Thursday, November 1, 2012

Group membership and commitment to goals



One of the local high schools has an interesting fundraising tradition for their marching band.  Each instrument section goes out as a group and “infests” someone’s yard with pink plastic flamingoes.  Then, they request a donation to clear up the infestation.  The kids get to bond while collecting funds for the band, and the sections engage in a friendly competition to see who can collect the most money.
 How does this kind of group identity influence people’s commitment to a goal like raising funds?
 This question was explored in a paper in the August, 2011 issue of the Journal of Experimental Psychology: General by Ayelet Fishbach, Marlone Henderson, and Minjung Koo.  They suggest that people’s commitment to a group affects commitment to a goal differently depending on how the goal is framed.   
 When people do not feel strongly that they are members of a group, then just being part of the group does not give them a sense that the goal is important.  Instead, they try to estimate how important the goal is to the other individuals.  The best way to do that is to see how much progress the group members have already made on the goal.  The more progress that has been made, the more strongly these people will commit to the goal.
 Those people who feel more strongly attached to the group have a commitment to the goal just because they are part of the group.  For them, they are interested in helping the group succeed, and so they are more motivated by seeing how far there is to go to reach the goal than by seeing how much progress has been made so far.
 In one study, college students were told that they were going to be assigned to a group that had to generate ideas for a project.  They were shown the group members who had already been selected and those members were either all from the same school as the participant, or they came from different schools.  Having students who came from the same school gave the participants a greater sense of belonging to the group. 
 Participants were told that the goal for the group was to generate at least 50 ideas for a marketing campaign.  Half of the participants were told that the group members who had gone so far had generated 24 ideas total.  The other half of the participants were told that after the initial group members had gone there were still 26 ideas left to be generated.  Then, they were asked to come up with ideas for the group.
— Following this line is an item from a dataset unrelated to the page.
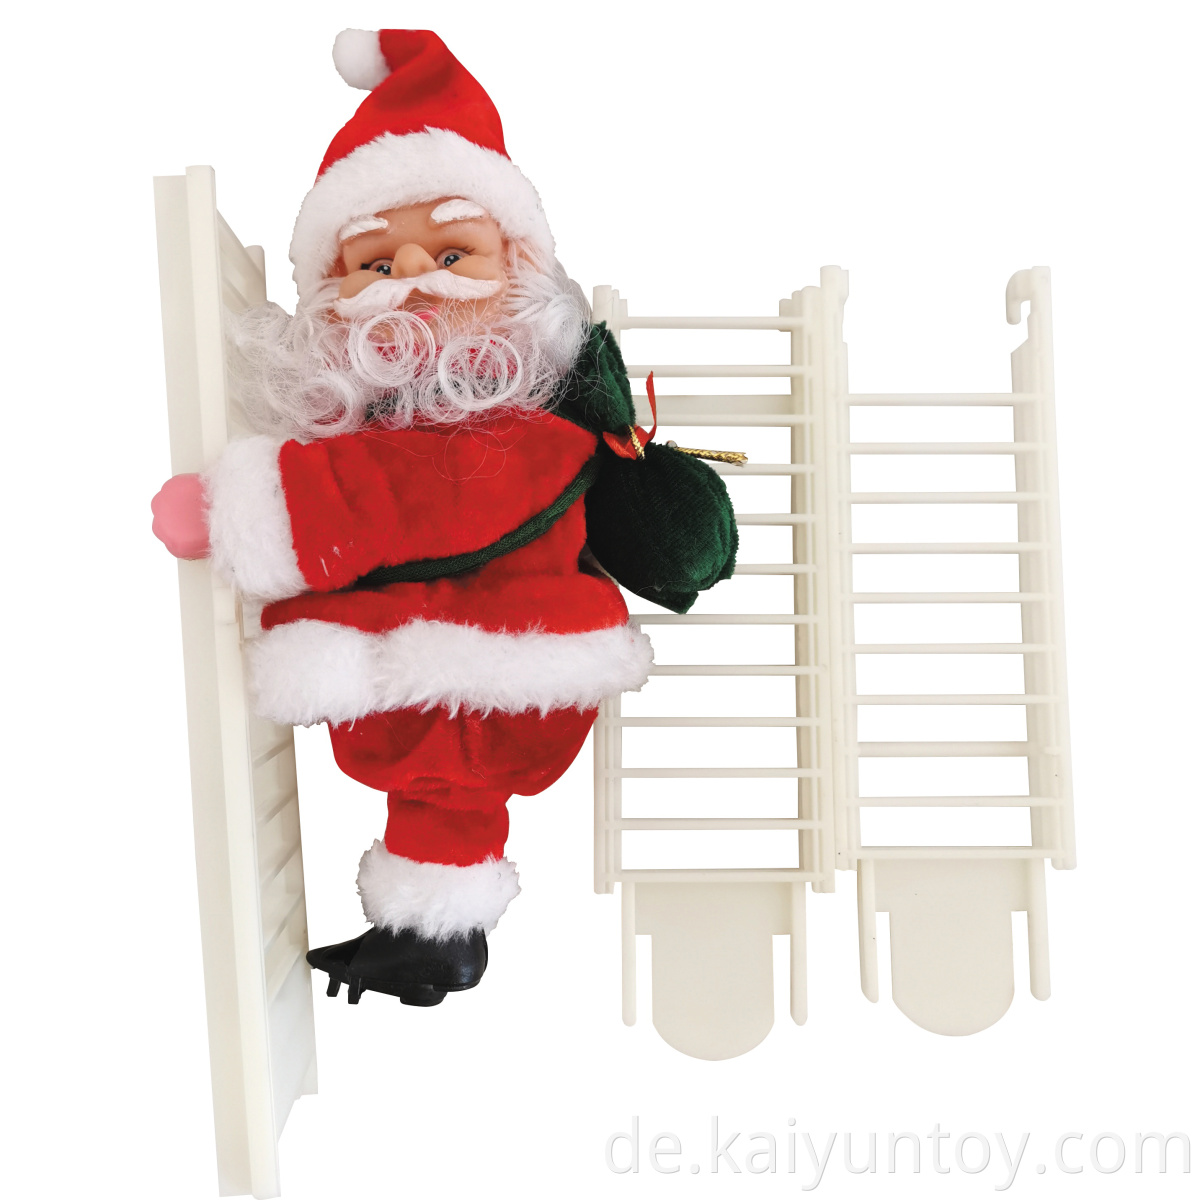 Climbing Ladder Santa Claus

 Consistent with the proposed influence of group membership on motivation, when the group consisted of students from many different schools, participants generated more ideas when the progress was framed in terms of the number of ideas already generated rather than the number of ideas yet to be generated.  When the group consisted of students from the same school, then participants generated more ideas when they were focused on the number of ideas yet to be generated rather than on the number of ideas generated so far.
 As another example, participants from a university in the Midwest read about wildfires in California.  The description either focused on California as being distant from the Midwest (saying Californians and referring to the victims using the pronouns “they” and “them”) or they focused on the group identity of Californians and Midwesterners as Americans (and using pronouns like “we”). 
 People who read the description using the pronouns “they” and “them” were more interested in giving money to help the victims of the wildfires if they were told how much money had been collected so far than if they were told how much remained in the goal to raise $10,000.  Those people who read the description using pronouns like “we” and focusing on common group membership were more interested in giving money if they were told about the amount that remained to be collected rather than the amount collected so far.
 These results demonstrate why it can be so difficult to figure out how to motivate group members.  The level of motivation that group members have for a goal depends both on how strongly each person identifies with the group and how people think about progress toward the goal.
 For the high school band, of course, everyone seems strongly committed to being a part of the group.  For them, then, it is probably best to focus on how much remains to be done to achieve their goal.